Vocabulary importance:
When jumping into a new team and project, vocabulary definition is one of the first steps in understanding the project and being able to communicate with the team. The team used jargon that I was not familiar with and so I had to ask many clarification questions in the beginning. The team members had minimal experience managing custom software and so I had to be careful to translate my considerations to outcomes that were tangible to them rather than try to communicate implementation details that would be troublesome to effectively communicate.
If I were a part of a larger organization with significant onboarding scale, I think it would be useful to have documentation of vocabulary and processes for training and reference.

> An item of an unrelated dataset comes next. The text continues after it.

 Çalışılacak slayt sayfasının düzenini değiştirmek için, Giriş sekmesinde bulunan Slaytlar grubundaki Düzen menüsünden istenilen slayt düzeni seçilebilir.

Remote work communication:
Being the only team member working remotely is not easy. It was a small team and each member had a large number of responsibilities. In the beginning I would send long emails asking questions. Responses were understandably inconsistent.
It was not until after diving into the previous code and orienting myself to the organization's documents and workflows by exploring their network drive that I was able to formulate my questions well and get the needed information from an efficient hour and a half team meeting. Had I been working in the office it would have been easier to ask more questions as I went which may have sped up the process.
Experience translates:
My Python experience was limited to small projects for undergrad Security and Web Systems courses. But this baseline proficiency was complimented by my stronger C++ and JavaScript experience which gave me reference points for design patterns and in understanding and searching for tool-specific features.

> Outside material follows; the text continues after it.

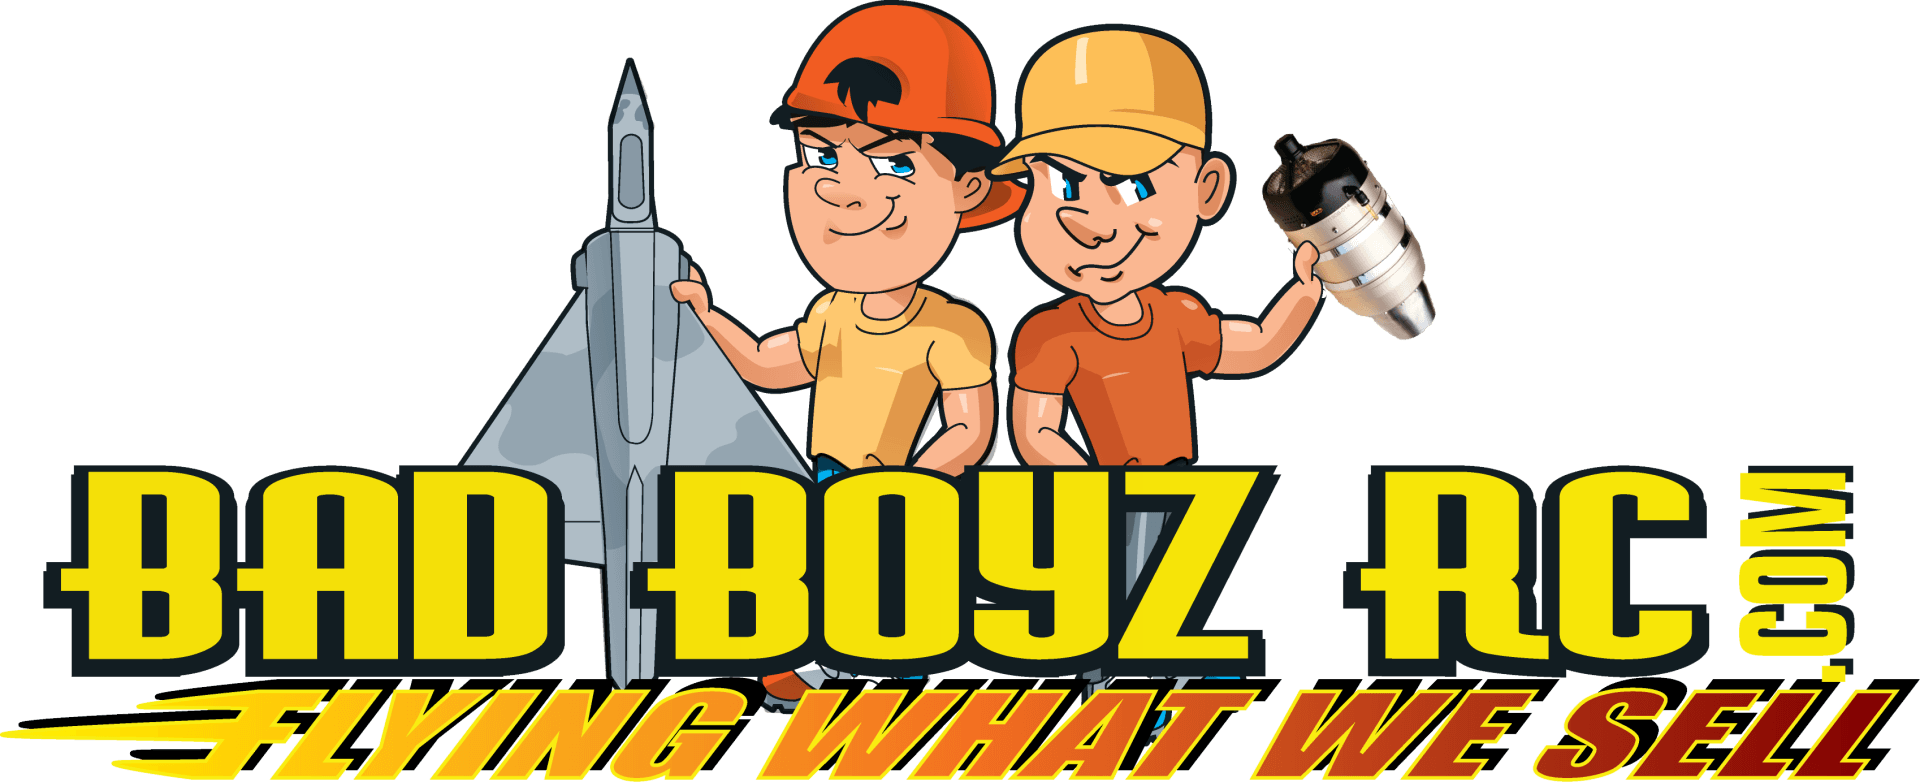 Bad boyz RC turbojet engine experts logo

I had never worked as a contractor or in manufacturing. But my education served me well. I had more than enough experience working as a part of a team to recognize and fulfill my roles both as a teammate and as an individual implementing the project myself.
What I'd Do Differently #
Effort estimation is a notorious challenge in software development. In hindsight I would have doubled my workload estimates. In the beginning of the project I fell behind my predicted milestone timeline. This was a result of overestimating the functionality of the previous engineer's work. I would be better served had I been cynical about the state of the untested code.
Overall, I consider this project to have been efficiently and effectively implemented. The MVP approach worked well as we were able to get an MVP ready for testing quickly. Subsequent testing gave us a much better conception of which additional features to prioritize.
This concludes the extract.